These matters usually sort out through subrogation claims between insurance companies.

What does “right of subrogation” mean?

To subrogate means to substitute one person or entity for another with reference to a legal debt or claim. In the case of a car accident where the at-fault motorist is underinsured, that debt would be the insurance coverage.

The purpose of subrogation is to enforce the final payment of compensation from the driver that was at fault. Your insurance company – the UM insurer – is going to try to reclaim some or all of its money from the negligent and underinsured driver who caused the accident.

Insurance providers can only subrogate other parties if their client is not responsible for an accident.

How does Florida subrogation law work in car accidents?

If another driver’s negligence caused the accident, and that driver has insufficient liability insurance, you look to your own UM insurance policy.

You contact your UM carrier, file a claim, and your UM policy generally covers your expenses relating to your personal injuries from the accident—up to the limits of the policy.

If you decide to settle with the underinsured driver, you must follow the procedure set out in the Florida Statutes. This procedure requires that you (or your attorney) send written notice of the proposed settlement to the insurers that provide underinsured motorist coverage. Notice should be sent by Certified or Registered Mail.

Depending on the circumstances, your insurer may pursue its right of subrogation with the individual at fault, or their insurance company. Because the at-fault driver is responsible for your injuries, your insurance carrier has the right to sue the at-fault driver to recover money you or your insurer have already paid—including the amount of your deductible.

In other words, the UM carrier may be entitled to a credit – or “offset” – against the total damages you sustained as the wrongfully injured party.

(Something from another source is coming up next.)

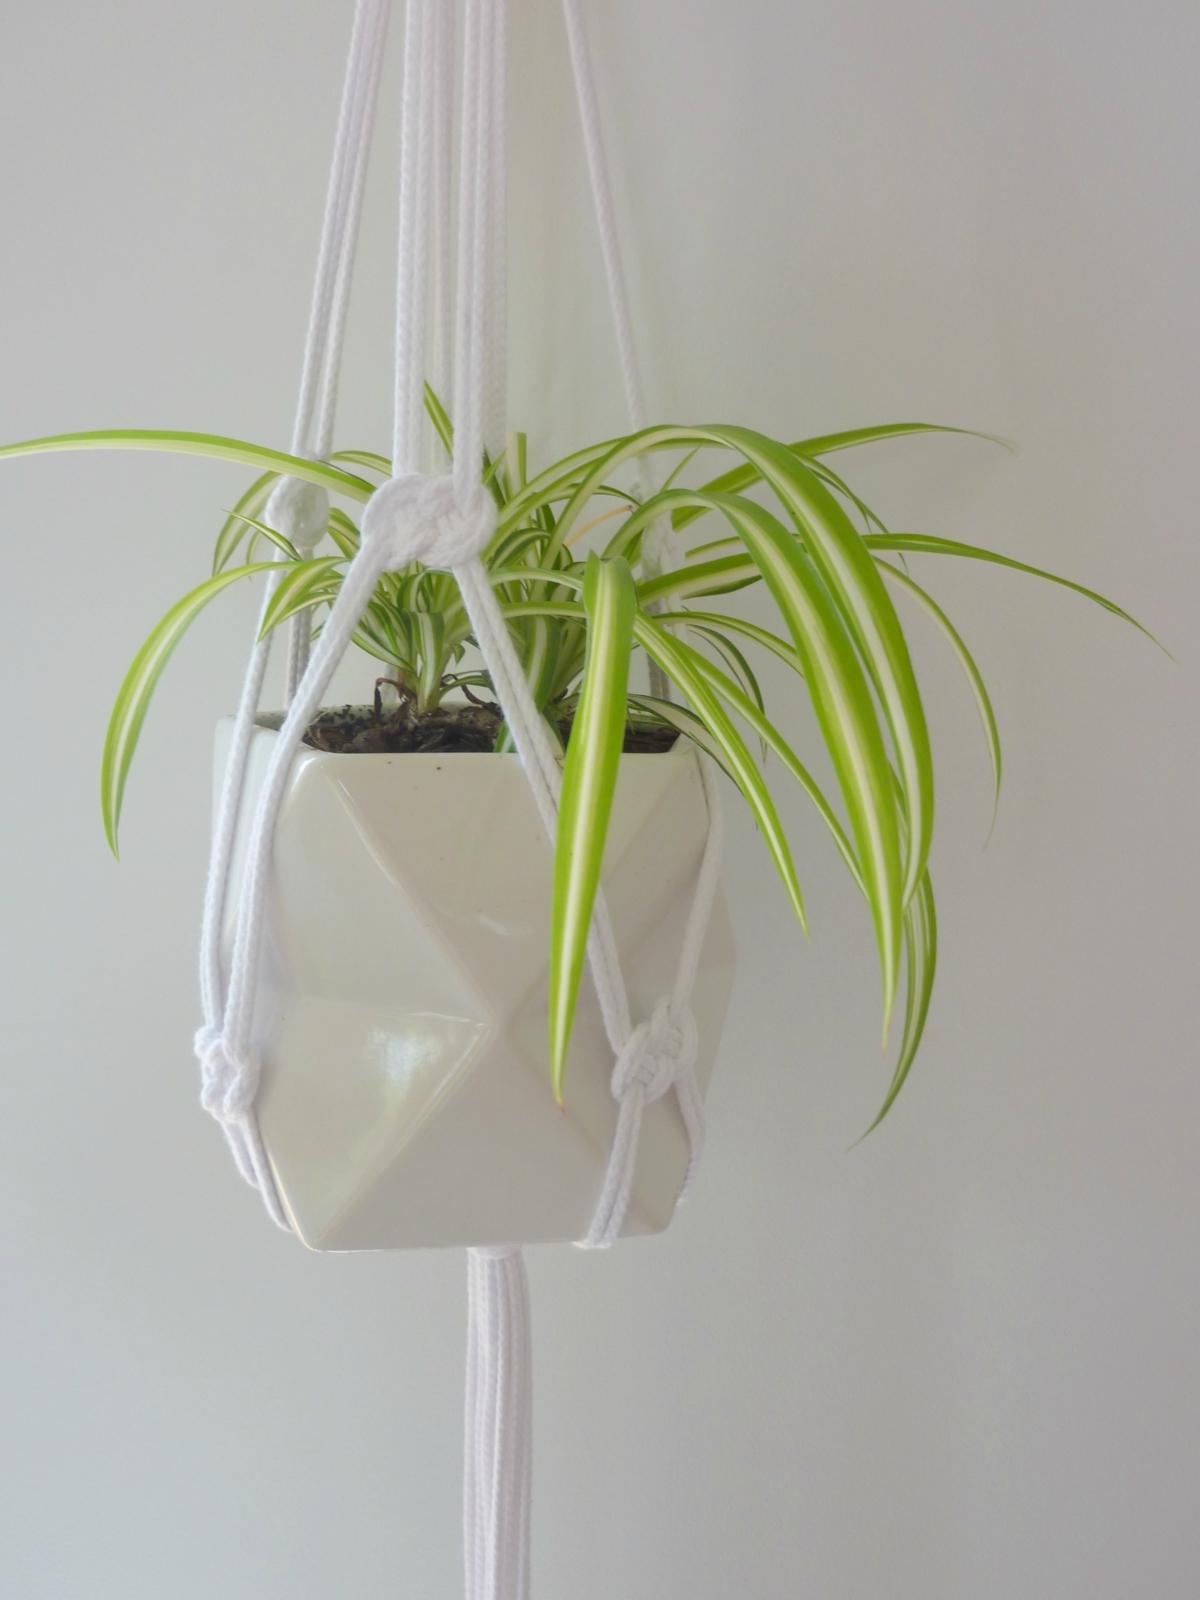 The Duo Macrame Hanging Plant Holder Felt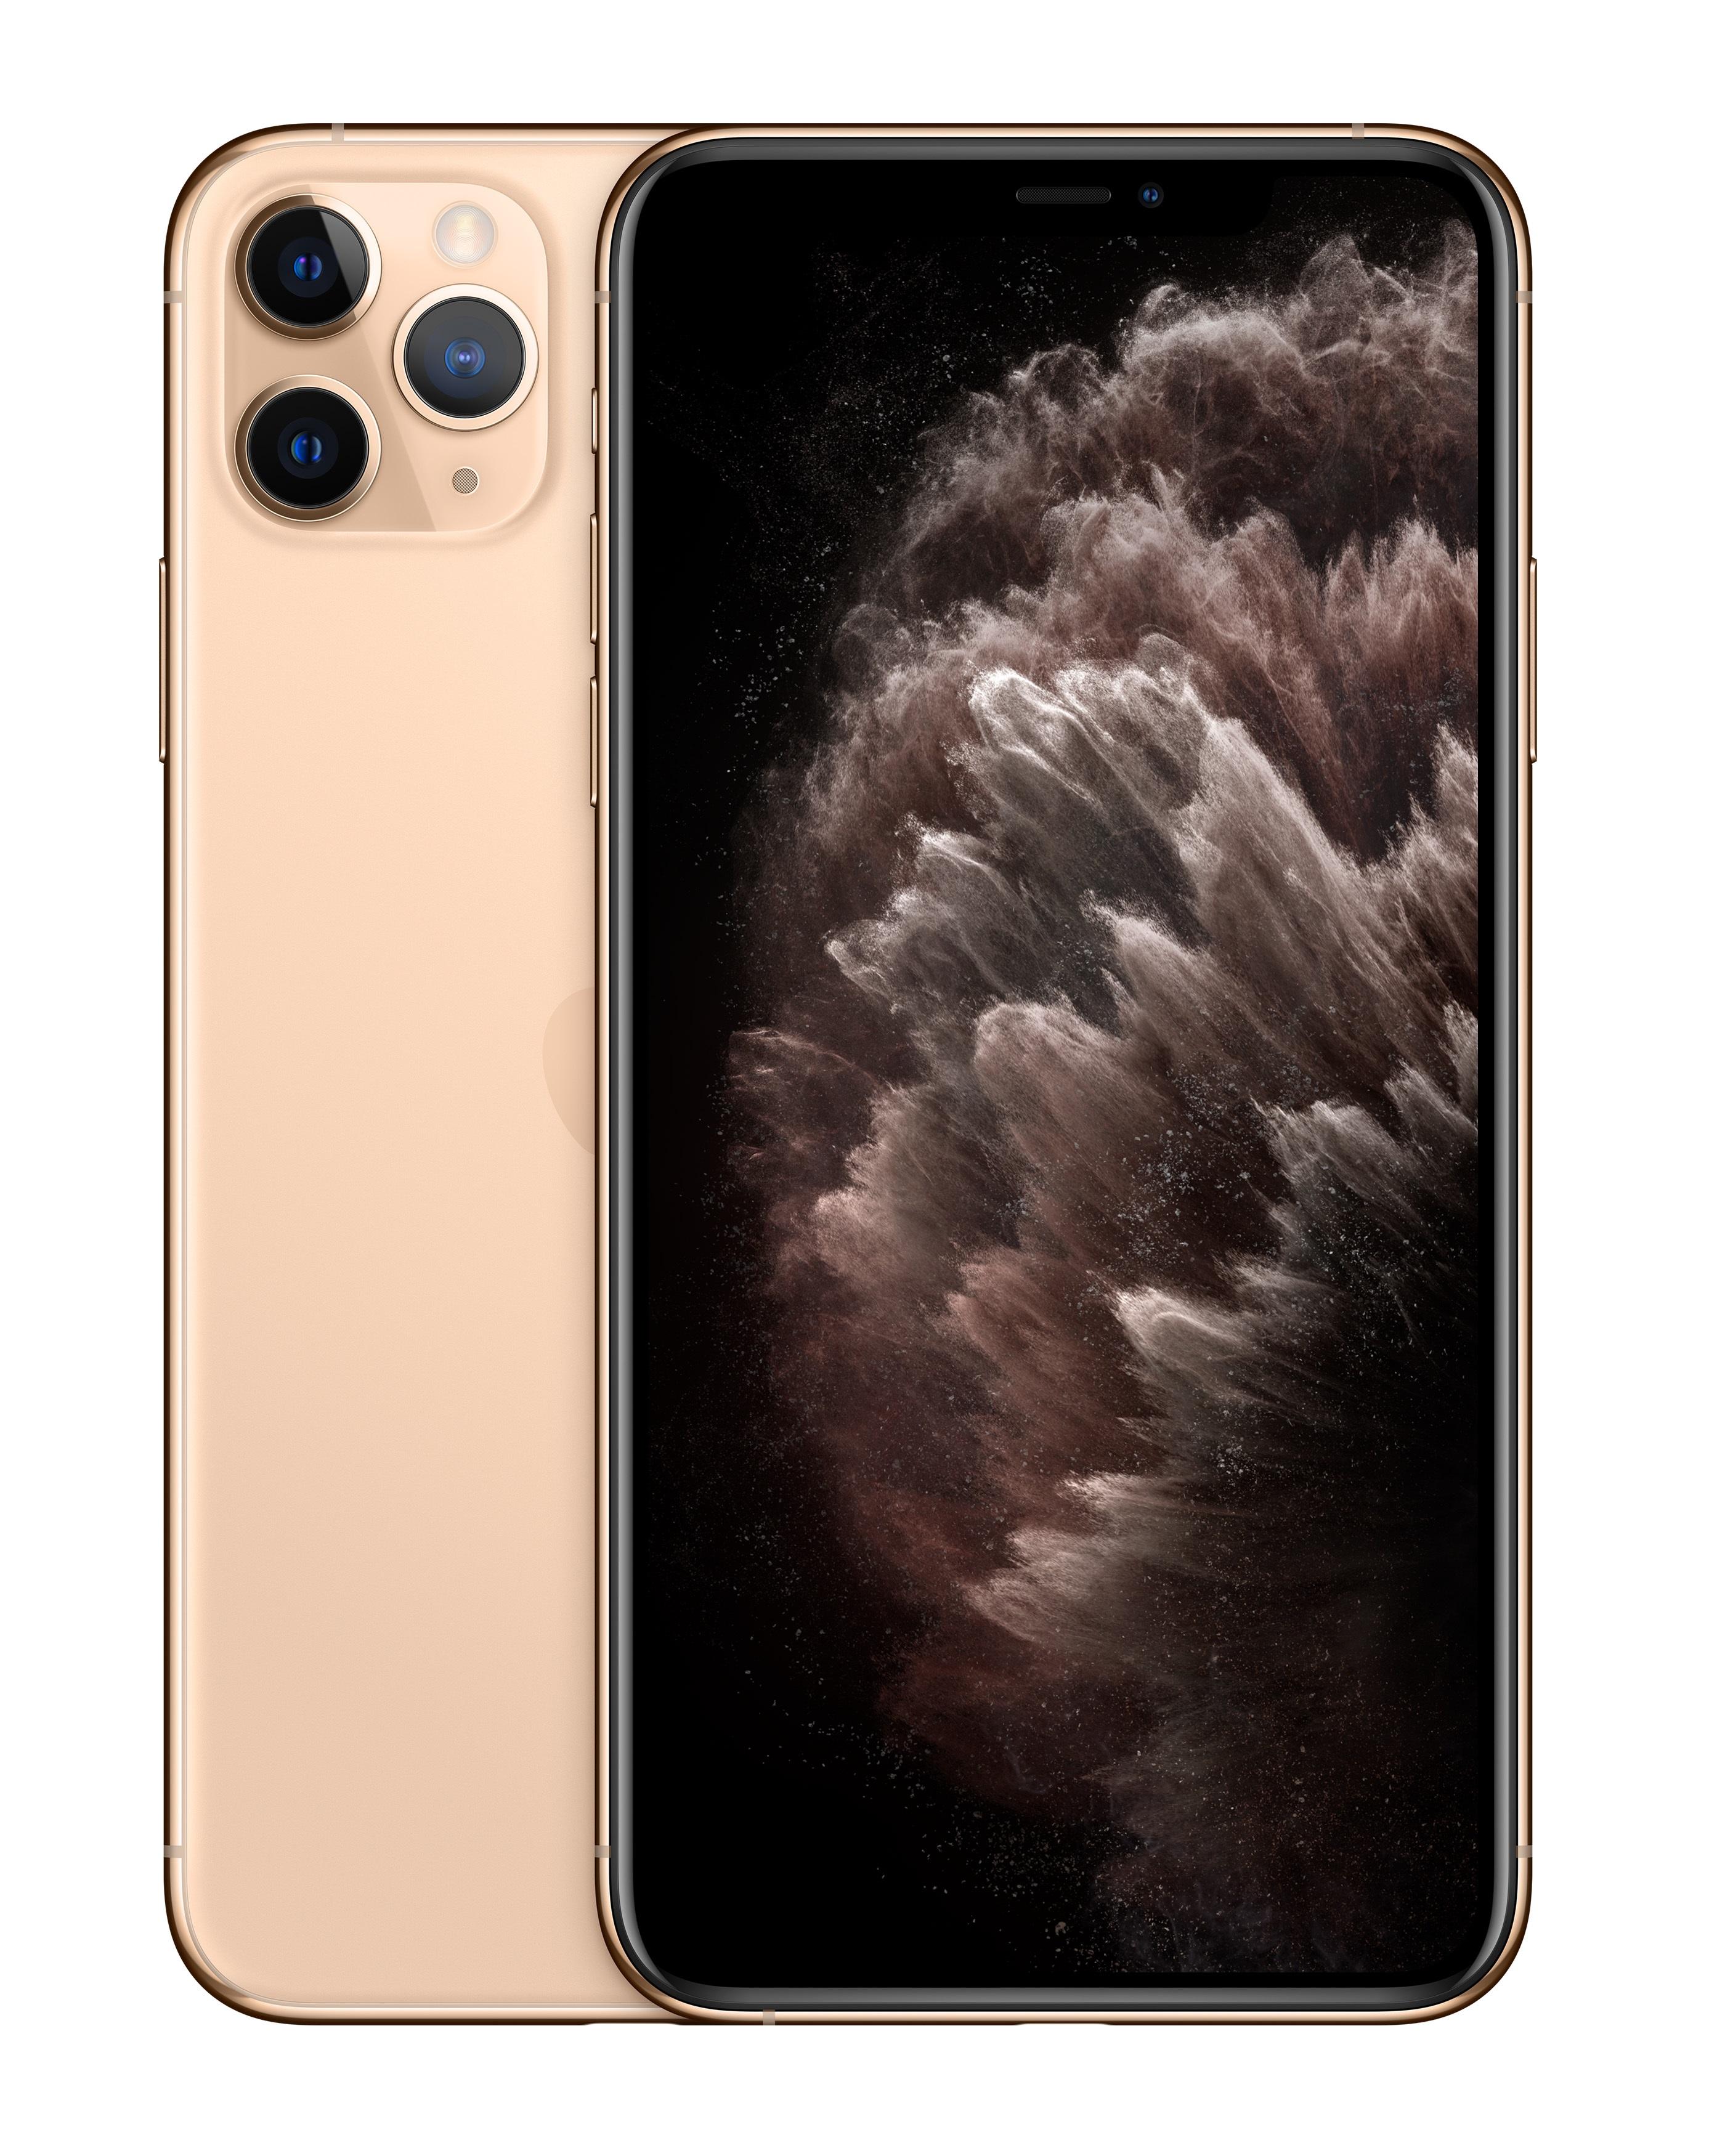 Plexcom - Hardware for You - Apple iPhone 11 Pro Max - Smartphone -  Dual-SIM - 4G Gigabit Class LTE - 512 GB - GSM - 6.5

The amount the UM carrier is entitled to is the amount paid to the injured party.

Subrogation prevents the UM benefits from duplicating any benefit that you (as the injured party) have already received from other sources.

Secondary sources involved in subrogation can include:

  • Health insurance
  • MedPay
  • Medicare
  • Medicaid

Because these sources made payments, they may have legal claim against any settlement you collect from the at-fault party, and should be reimbursed for payments they have made to your doctors and health care providers.

Note, Florida’s PIP benefits are generally not subject to subrogation.

Florida has rigid statutes regarding insurance contracts.

FL Statute 627.727(6) states (generally) that:

If you are covered by UM and you are injured in a car accident – before accepting a bodily injury settlement, you must inform your UM provider in writing as soon as you decide to settle the case with the at-fault motorist.

In other words, should a settlement take place with the bodily injury carrier, it is mandatory that you place your UM carrier on notice.

Once notified, the UM insurer has 30 days to make a choice: it must either

  • agree to the settlement – thus giving up its “rights of subrogation” against the at-fault driver), or
  • pay the settlement amount offered by the at-fault motorist – in which case the UM carrier keeps its rights of subrogation against the at-fault driver.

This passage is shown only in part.